Among those they found was ex-Gestapo officer Klaus Barbie—aka “the Butcher of Lyon”—in 1971 in Bolivia, and now France is showering honors upon them for their efforts.

The BBC and AP report that a ceremony was held Monday evening at the Elysee Palace in which President Emmanuel Macron presented Serge, 83, with the Grand Cross of the Legion of Honor, the nation’s most esteemed award, while Beate, 79, received the country’s National Order of Merit.

Serge had received a lower-tier version of the Legion of Honor in 2014. His backstory is a compelling one, starting with his family’s escape from the Nazis in Romania to their trials in France, where he managed to escape the Gestapo in Nice.

His father, however, wasn’t so lucky and died at Auschwitz.

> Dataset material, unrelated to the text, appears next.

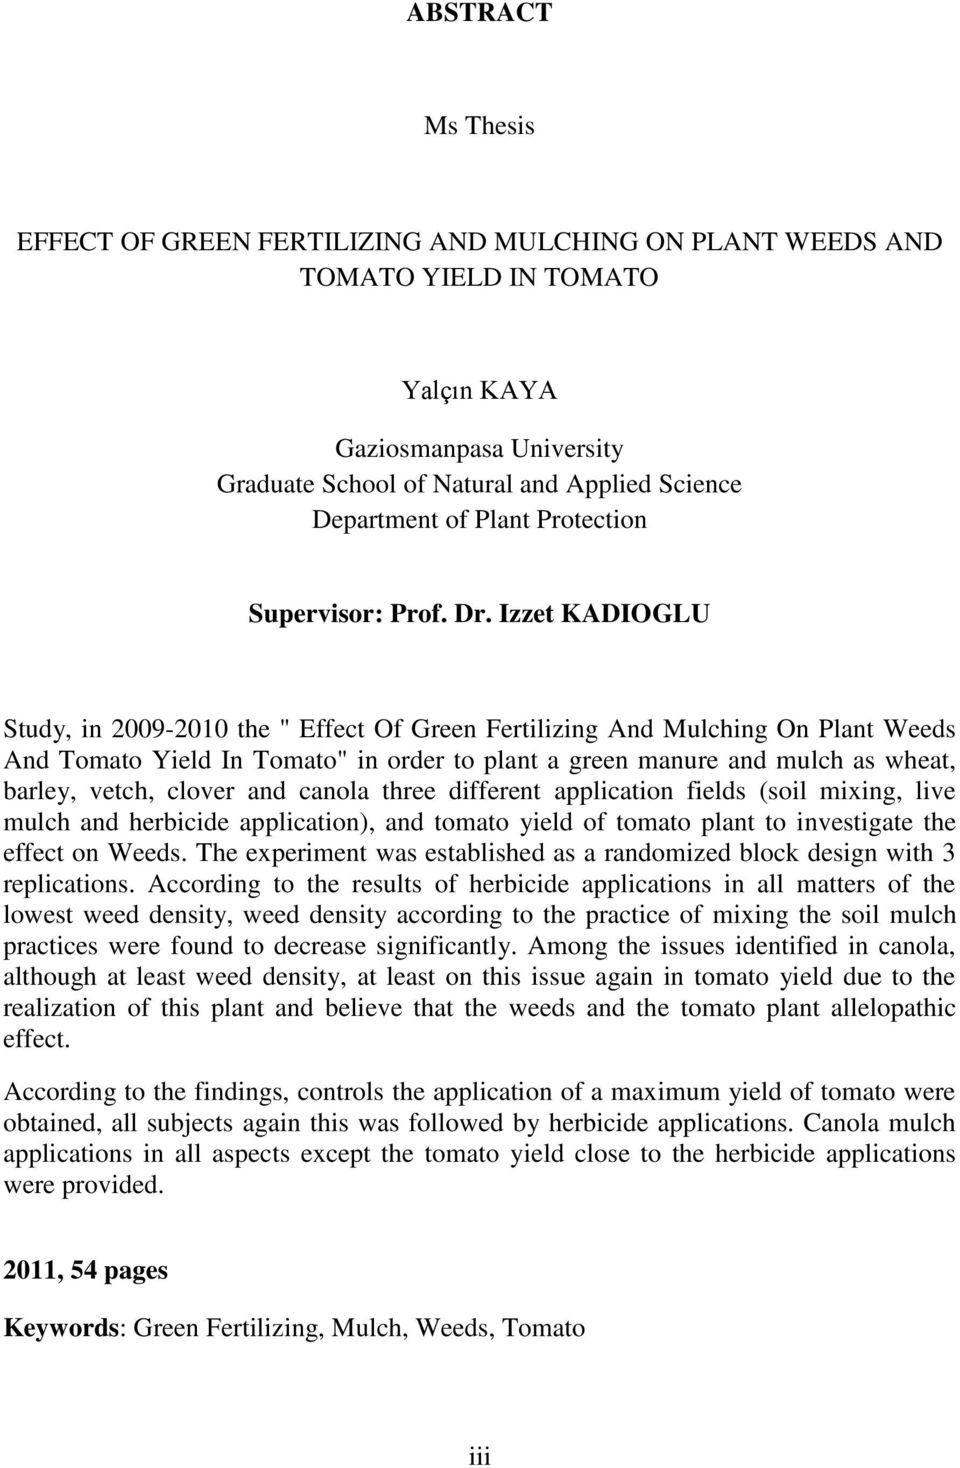 Izzet KADIOGLU Study, in 2009-2010 the " Effect Of Green Fertilizing And Mulching On Plant Weeds And Tomato Yield In Tomato" in order to plant a green manure and mulch as wheat, barley, vetch, clover

Beate, meanwhile, was the daughter of a German soldier who once slapped German Chancellor Kurt Georg Kiesinger in the face at a 1968 political rally, per Insider.

Together, the determined couple not only followed the trail to Barbie—who was responsible for the torture or deaths of tens of thousands of people during the war, and who died in prison in France in 1991 thanks to their detective work—but also to at least 10 other war criminals.

Their son, Arno, named for Serge’s father, is a lawyer who now helps them prosecute the criminals they find, per the Guardian. “Neither could have succeeded without the other,” their daughter, Lida, once noted, per AFP.